### [Task description]
Return all of the data below verbatim and exclude every picture.

### [Stored data]
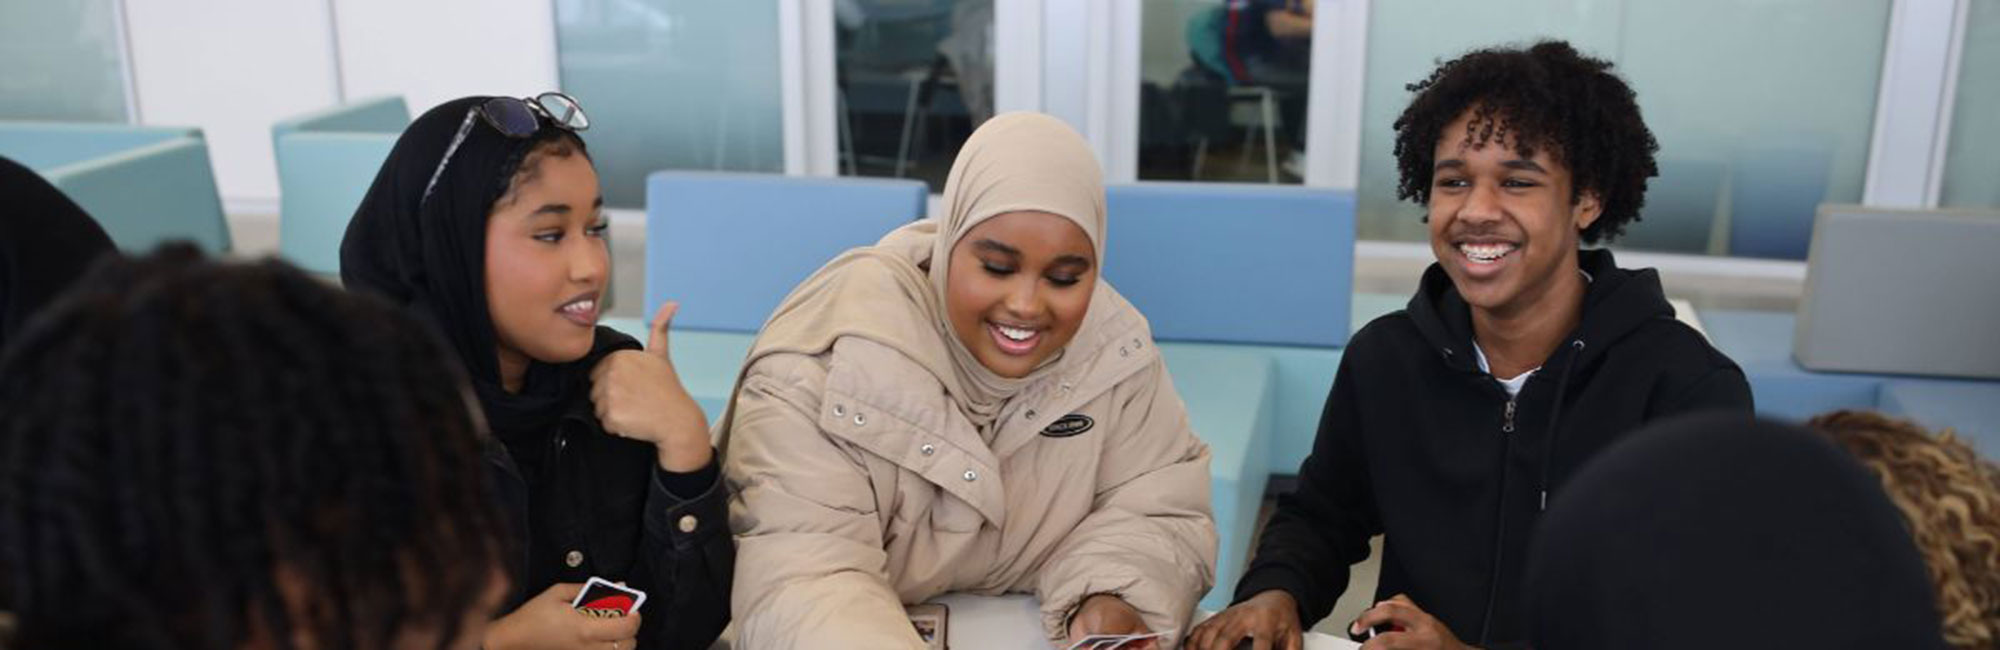 Black students smiling and using a laptop together in an office.
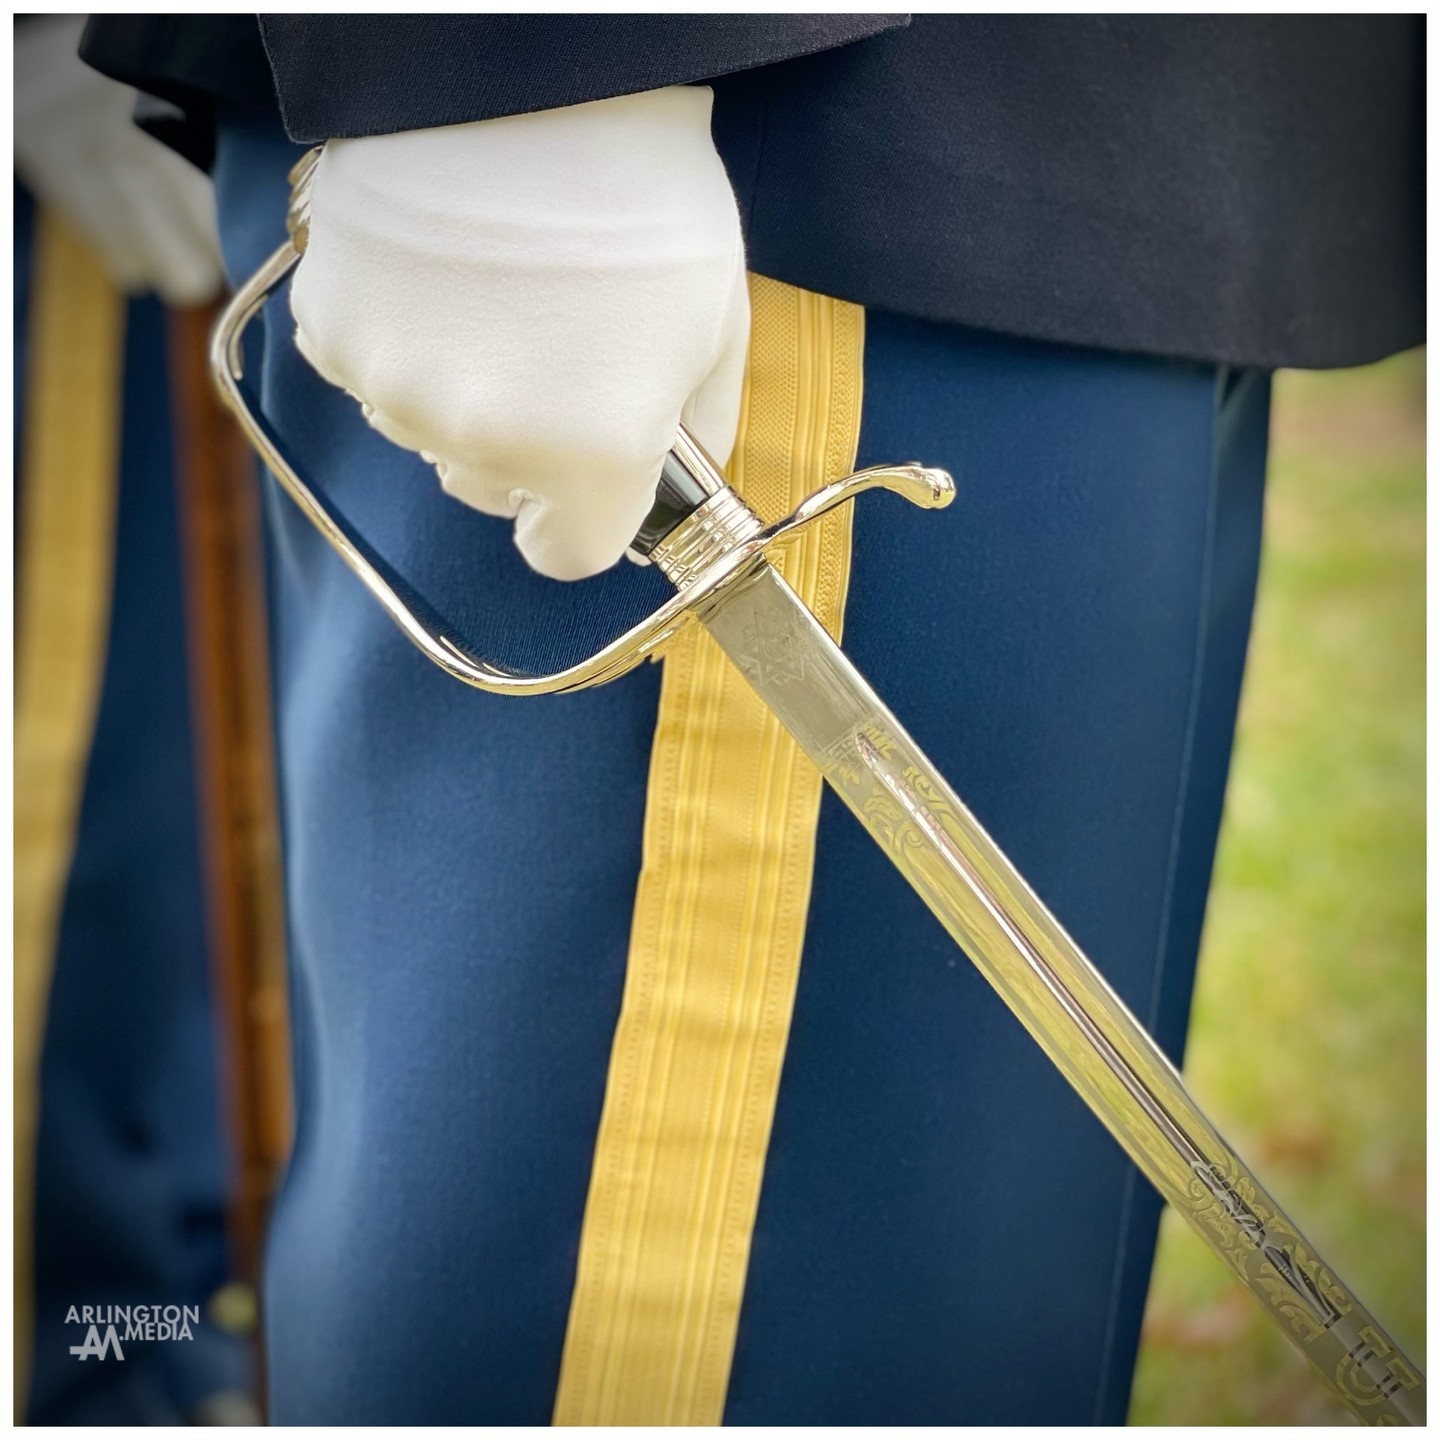 A member of the 1st Battalion, 3d US Infantry Regiment (The Old Guard) holds his saber during a US Army service in Arlington National Cemetery.

Officers arriving to The Old Guard spend weeks training and practicing as part of their initial tasking to the unit.  They learn how to execute formations, movements, and standard ceremonial procedures that are part of Dependent, Standard Honors, and Full Honors services at Arlington. 

Learning proper saber positioning and movements is critical to an individual soldier and his or her platoon being cemetery ready to honor America's fallen heroes to the best of their abilities.

### [Answer below]
 Black students smiling and using a laptop together in an office.
 A member of the 1st Battalion, 3d US Infantry Regiment (The Old Guard) holds his saber during a US Army service in Arlington National Cemetery.

Officers arriving to The Old Guard spend weeks training and practicing as part of their initial tasking to the unit.  They learn how to execute formations, movements, and standard ceremonial procedures that are part of Dependent, Standard Honors, and Full Honors services at Arlington. 

Learning proper saber positioning and movements is critical to an individual soldier and his or her platoon being cemetery ready to honor America's fallen heroes to the best of their abilities.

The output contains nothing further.